If you prefer then let me know and I can PM you.

Rob


----------



## silvers (Sep 22, 2008)

Silver Coast


----------



## connal (Mar 4, 2010)

Have a look at the casa sapo web site too - they have a round up of listing from estate agents all around the country. We found them to be a good intro to the kind of properties available and the sort of prices yoiu might expect to pay.


----------



## silvers (Sep 22, 2008)

Good advice Connal, as usual, now get back to your website, I'm bored!
Now Chimanis, also look at
www.era.pt

.: Casas, apartamentos ou moradias, para comprar ou vender casa, contacte-nos!

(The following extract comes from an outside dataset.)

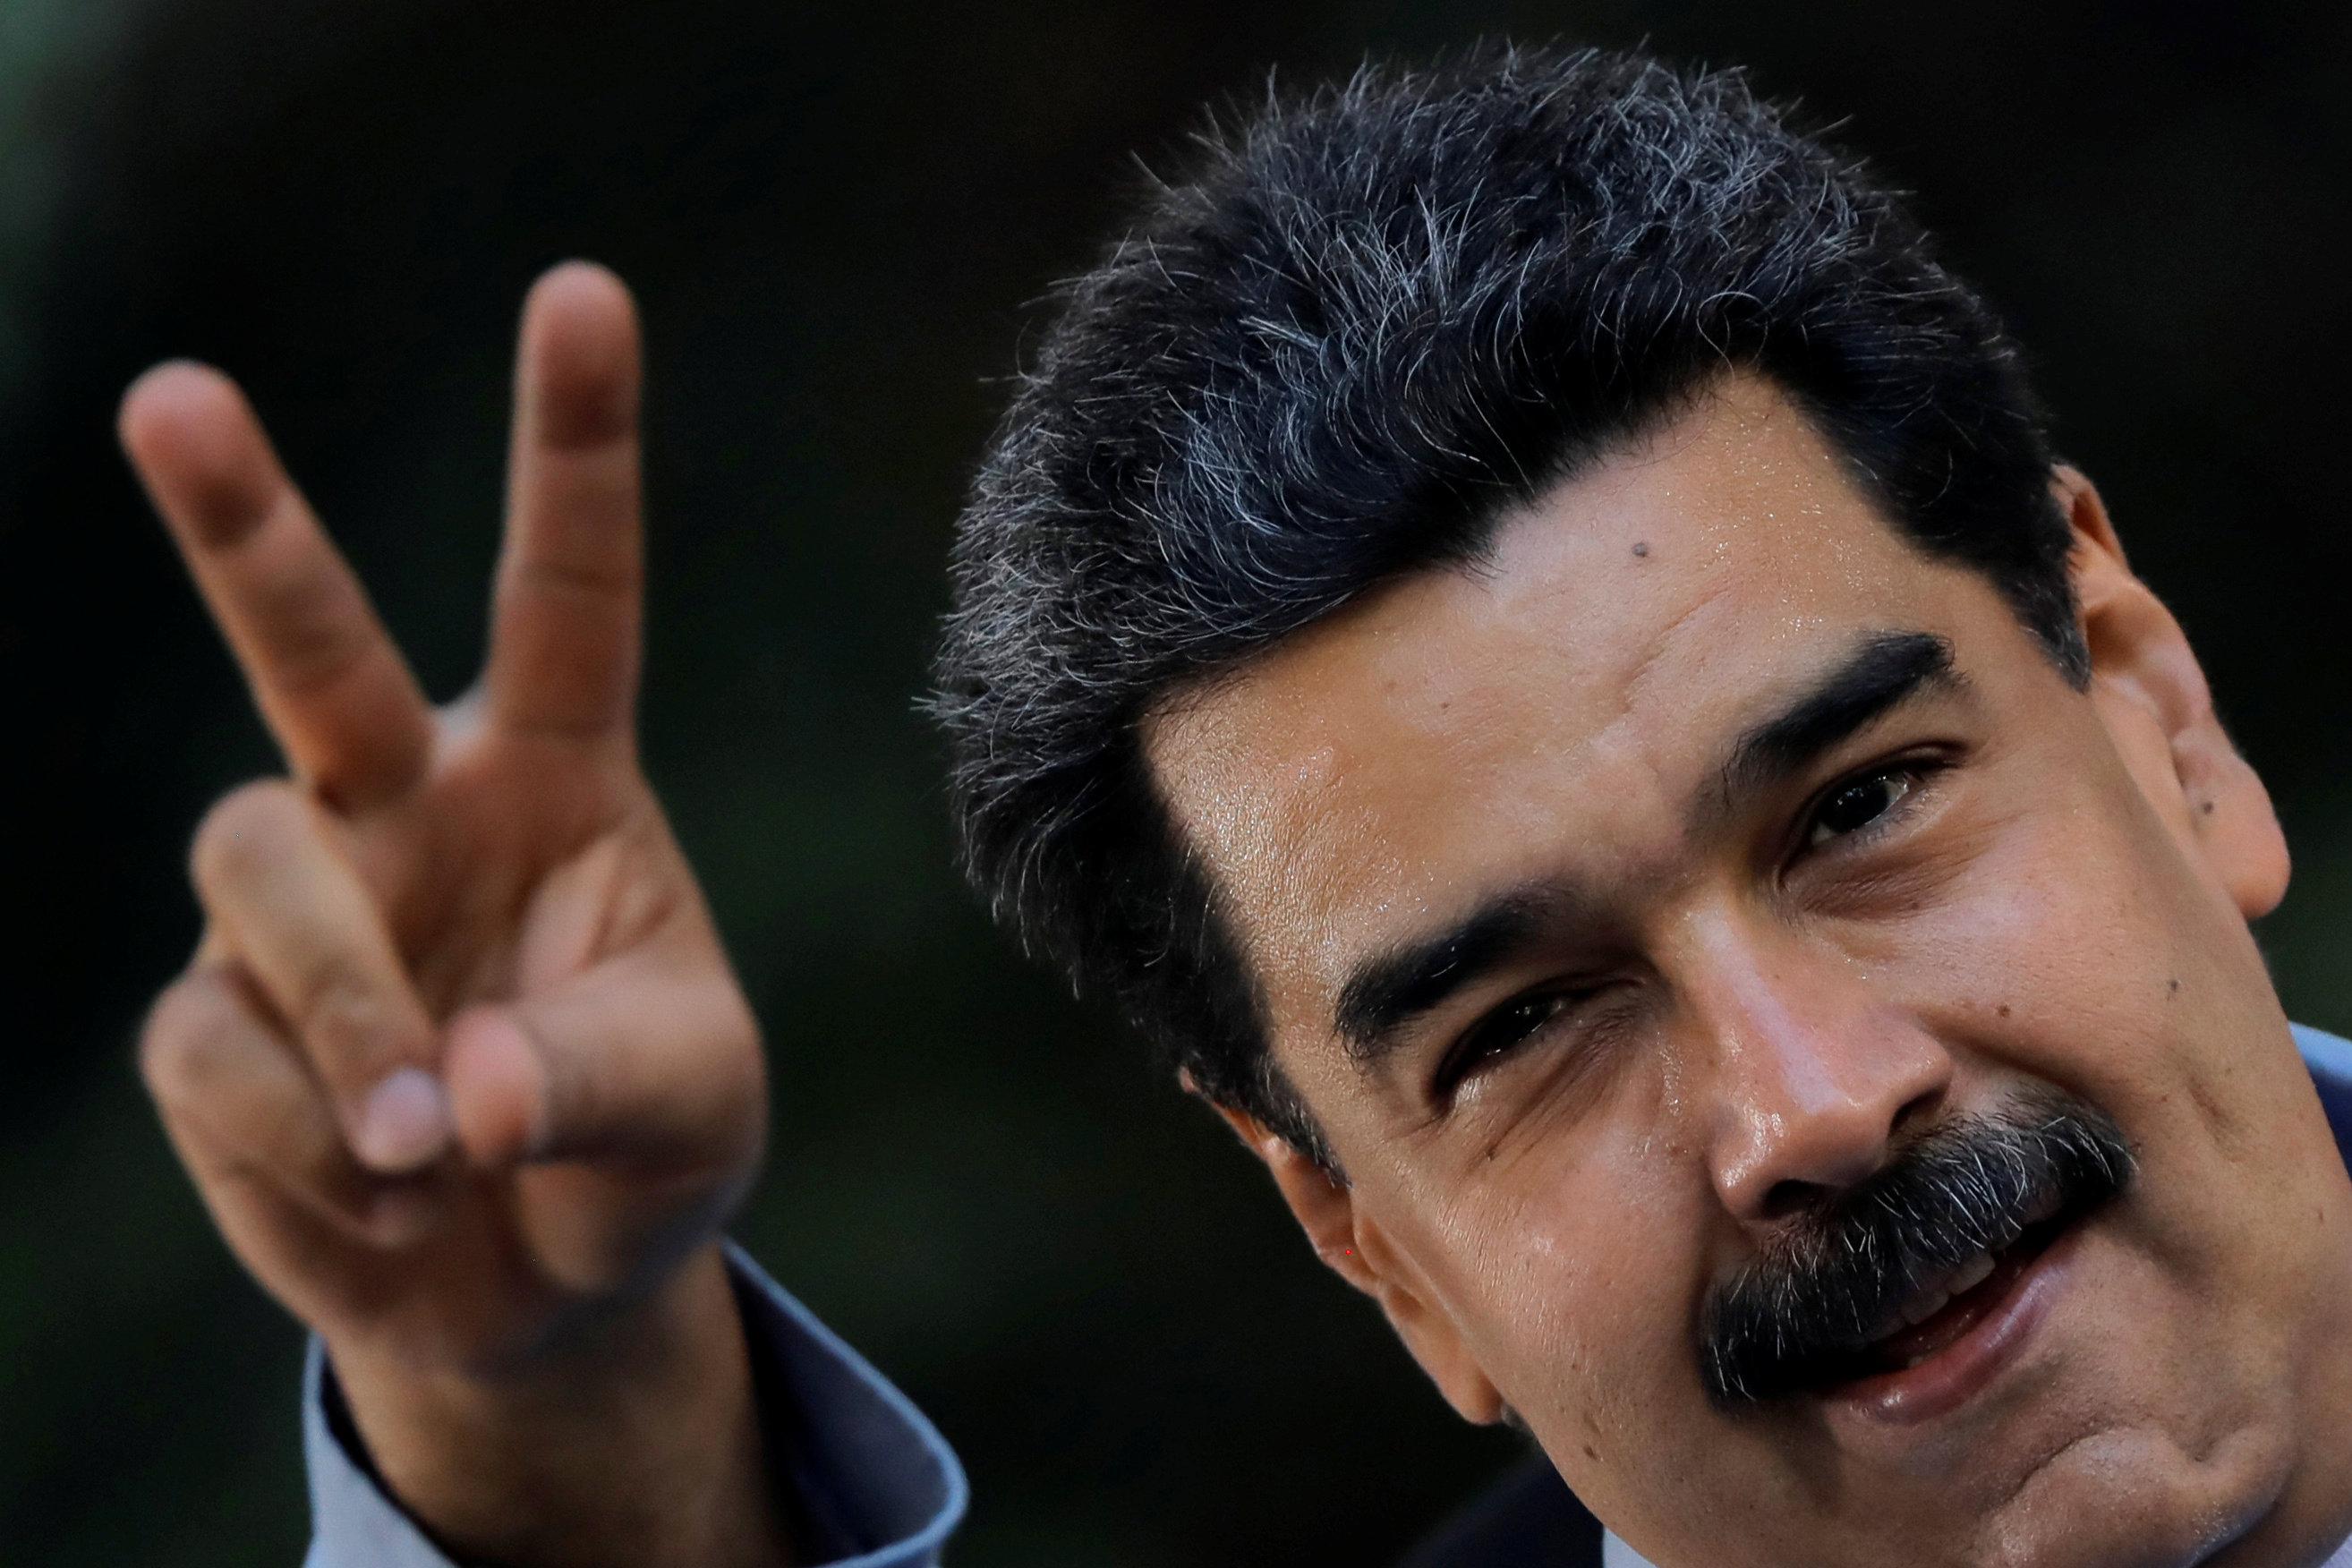 El Mundo: La tibieza de la UE con Maduro que denuncia Duque perpetúa el régimen

Soluções Anti-Crise RE/MAX:.

Prestige Portugal Property - Real Estate Agents

The Era office in Nazare is quite friendly.


----------



## miramar2011 (Jul 7, 2010)

We recently bought in the Porto area. I found Casasapo to be the best site for looking all over the country. But also try era.pt, and remax. pt.

All real estate companies have solicitors they work with, but many only speak Portuguese. It's best to find a bilingual solicitor if you're not fluent in Portuguese.

Good luck, now is a great time to buy.


----------



## omostra06 (Sep 11, 2007)

miramar2011 said:


> All real estate companies have solicitors they work with, but many only speak Portuguese. It's best to find a bilingual solicitor if you're not fluent in Portuguese.
> 
> Good luck, now is a great time to buy.


Try to pick your own, "independant" lawyer, not just the one that the agent tells you to pick.
ONLY use one that speaks your language and Portuguese.


----------